Absent from the study may be a sufficient critique of Baudelaire’s status in the literary canon, or why, still, we continue to need and read Baudelaire. Pearson navigates this issue, perhaps, by indicating the ambivalence with which Baudelaire interacts with the protagonists in his writing, who are sometimes sublimated, sometimes presented with cautious empathy, and sometimes violently scorned. The multi-faceted nature of Baudelaire’s interactions with others is particularly prominent in the prose poems, in which Pearson observes a form of polyphony staged by Baudelaire, which he characterizes as “the adoption by the poet of a range of different voices, opinions, attitudes, and personas” (505). It is perhaps for this reason that Pearson argues that “readers should ignore him and think for themselves” (512).

If there is one quibble about this study, it is that the extensive quoted material is left in the original French, which means that the book remains less accessible to those outside of French studies. Evidently this is in fact a study in poetic beauty which has significance and relevance well beyond those with specialist French-language and literature knowledge. That minor point aside, this may be the modern Baudelaire book we all need—it navigates a summary of the writing about and thinking on Baudelaire, while offering an up-to-date vision of Baudelaire’s poeisis.

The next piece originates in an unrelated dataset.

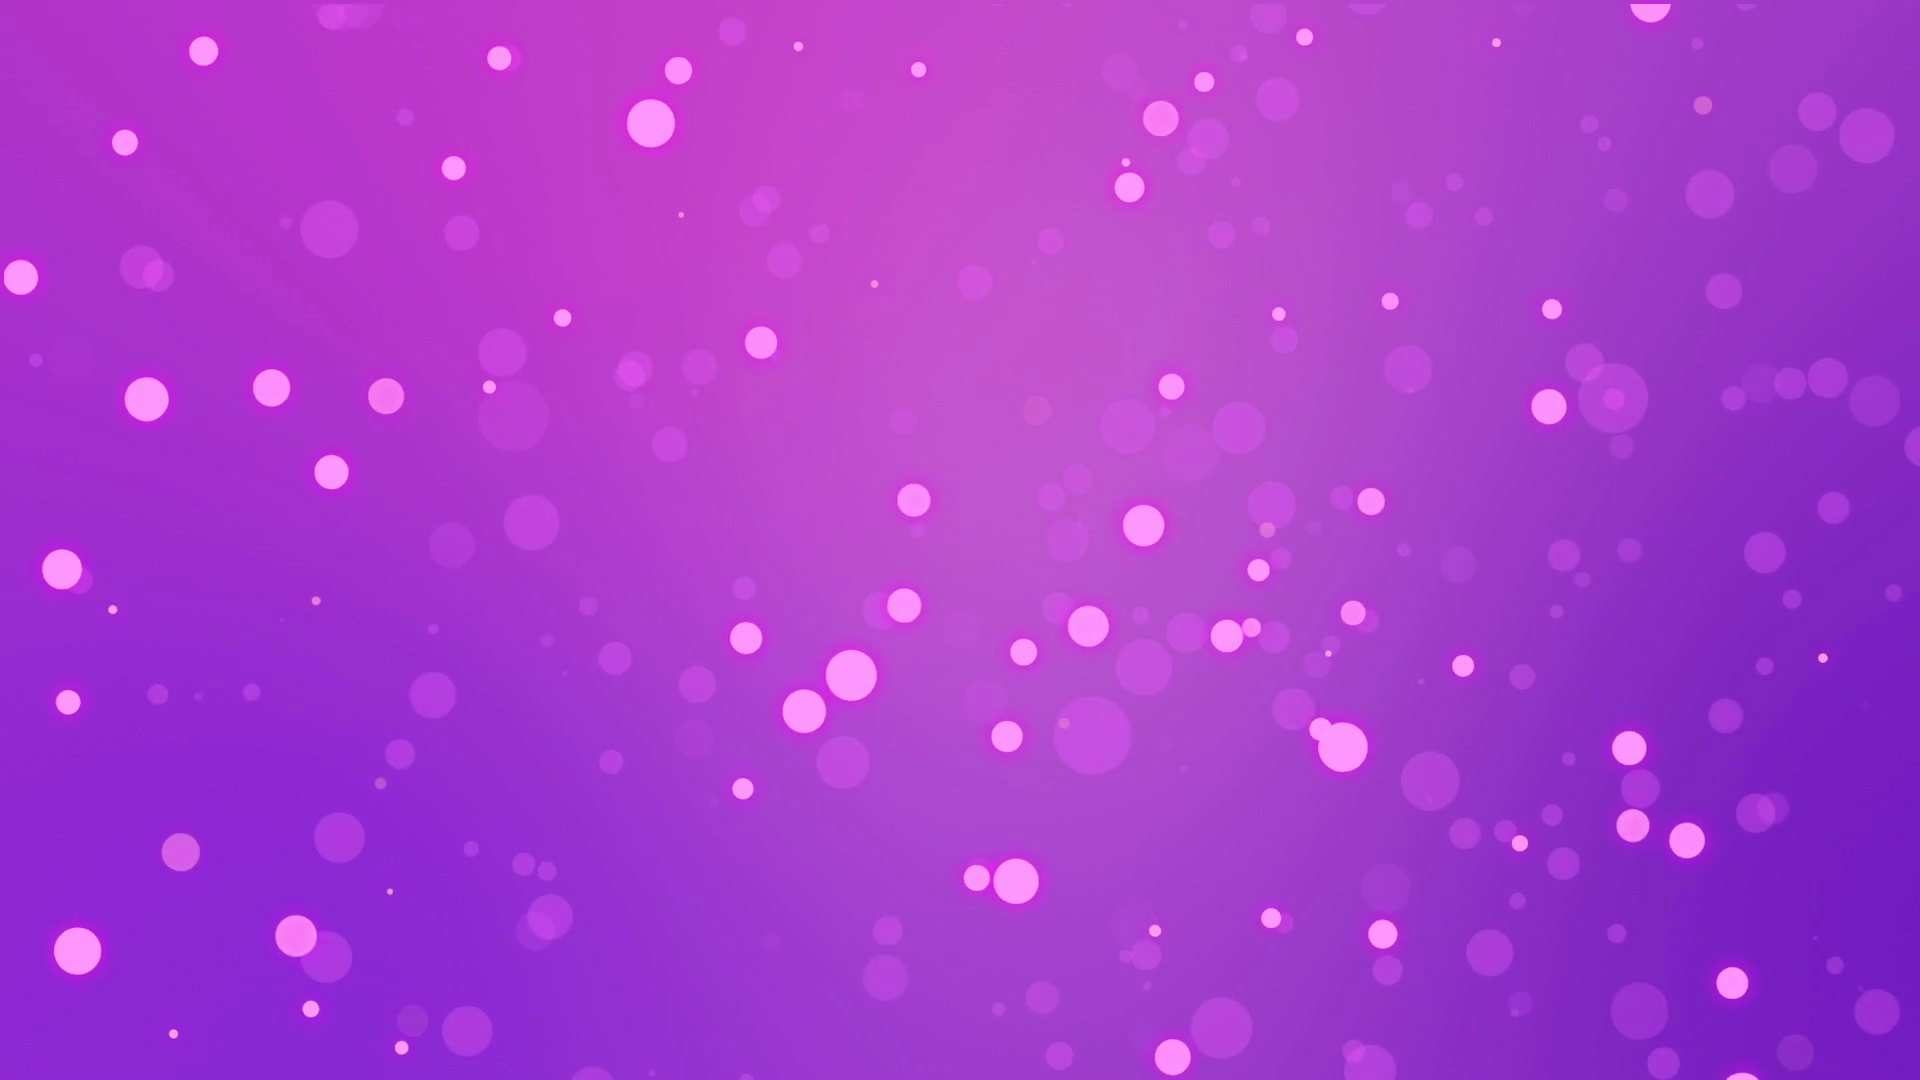 Fun purple pink bokeh background with floating light bubble ...

The conclusions that can be drawn from Pearson’s detailed study cohere around how to understand the seemingly undemanding concept of “beauty” from the perspective of today’s fractured society, undergoing existential threats of the climate crisis, a pandemic, and wider geopolitical events. Pearson, following Baudelaire, suggests that the significance of beauty is its ability for redress or redemption. By electing to follow the “omnipotent governing body we call the creative imagination” (617) it should be possible to use beauty as a form of resistance, refusing to go with the flow.